The best of train travel in Lithuania

It’s fair to say that train travel in Lithuania isn’t the fastest in Europe, but that’s not to say you should condemn yourself to a holiday on the buses when visiting the beautiful southernmost Baltic state. Although the network may be a little slow, it’s safe and efficient, and the size of the country means your train station is never far away from where you want to be.

Lithuania is also the perfect country to include on a Eurail journey around the Baltics. It’s a small country, with a population of just 2.8 million people, but it punches well above its weight in terms of history and scenic beauty.

The country’s period of Soviet rule, which ended in the early 90s, has shaped much of its recent history, but since independence Lithuania has transformed into an intriguing, modern European destination. The capital, Vilnius, is vibrant and picturesque – churches, quiet courtyards, labyrinthine alleyways and baroque homes combine to make it a pleasing destination to explore on foot.
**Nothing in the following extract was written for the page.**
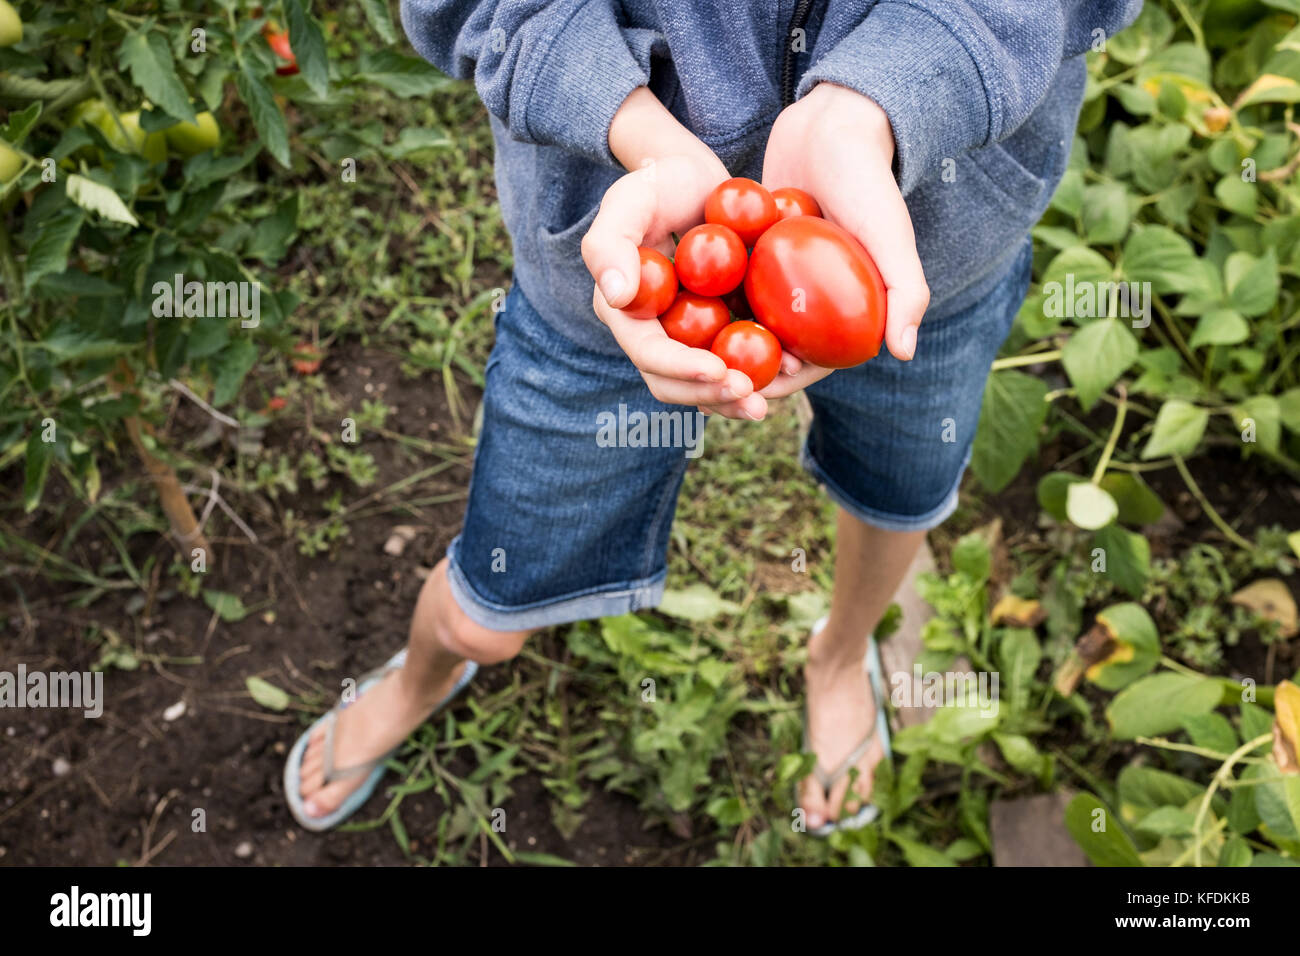 Une jeune fille prend les tomates biologiques de sa maison jardin à bischeim, France. Photo Stock

But venture out of the cities and you’ll encounter incredible scenery and nature, including a slither of Baltic coastline and several national parks, with the added bonus of many train routes that’ll take you directly into the heart of the country’s natural beauty.

If you’re planning to include Lithuania in your Eurail trip, then there are a few factors to keep in mind that’ll make the train aspect that much more enjoyable.

Where to go in Lithuania

For a small country, Lithuania is not short of impressive cities and attractions. Most people travelling by train will enter the country overland from neighbouring Poland, but there also connections to neighbouring Latvia or Belarus. If Lithuania is your primary destination, you can also fly directly to the capital’s international airport.

Regardless of your point of entry, it’s possible to explore Lithuania by train in a largely circular route. Most Lithuania rail itineraries include Vilnius, Kaunas, Kėdainiai, the eerie Hill of Crosses in Šiauliai, the stunning Baltic Sea coastline, Klaipėda, and at least one of three national parks with rail access.

The trains connect most of the biggest cities, towns and regions of interest, and if you want to get to smaller destinations and more remote attractions, they are just a short bus drive, hitchhike or taxi ride away.

About Lithuanian trains

Gelezinkelio Stotis, Vilnius, is the biggest rail hub in the country, and the station fields both local and international trains.

The busiest international connection is between Vilnius and Bialystok in Poland. The journey takes 7h 30m, with a 2-hour transfer in Kaunas, and trains only run on Saturdays, Sundays, and Mondays.

Once in Vilnius, there are domestic train routes that fan out across the country, including to and from Vilnius International Airport and several neighbourhoods and nearby attractions.

Klaipéda, Marijampolé, Jonava, and Kaunas are the next biggest stations in the country, and there are regular connections to each. Vilnius to Kaunas will take you just over 90 minutes, Vilnius to Klaipéda just over 4 hours, and Vilnius to Siauliai approximately 2 and a half hours. None of these trains require advance reservations.

How often do trains run?

Train frequency between major local and international cities is one factor that deters many from using rail for exploring the country. It’s true that the schedule is not as frequent as those in many European countries – some routes don’t operate every day, or only operate once or twice a day.

Although this might remove some last minute spontaneity from the trip, the trains are efficient and reliable – you’ll just need to do a bit of forward planning.

The bus network in the country is efficient enough to serve as a filler for those journeys not able to take by train, or for the last leg of a journey. Familiarise yourself with the train departure days and times by using the Eurail timetable.

Access to national parks

If you’ve always wanted to take a train to a national park, then Lithuania is deserving of a spot on your bucket list. That’s because one of the main appeals of using Lithuania’s train network is that it can get you from the capital to 3 of the country’s popular national parks.

  • Trakai National Park, famous for its beautiful stone castle, pristine lakes and forests, and charming villages nearby, is just 30 minutes away from the capital.
  • Aukštaitija National Park, in the north-eastern corner of Lithuania, is the country’s first national park. It’s a beautiful stretch of land that includes forests, hills, lakes and traditional villages, and is just over two hours away from the capital by train.
  • Dzūkija National Park, 2 hours south-east of Vilnius by rail, is the largest protected area in the country. It was established in the early 90s in order to preserve the forests and villages in the area, and it’s a beautiful inclusion on any Lithuania rail itinerary.

This stunning Baltic country might not be your first choice for your Eurail adventure, but with a bit of planning it’s possible to craft one of the most intriguing rail itineraries in Europe packed full of surprises.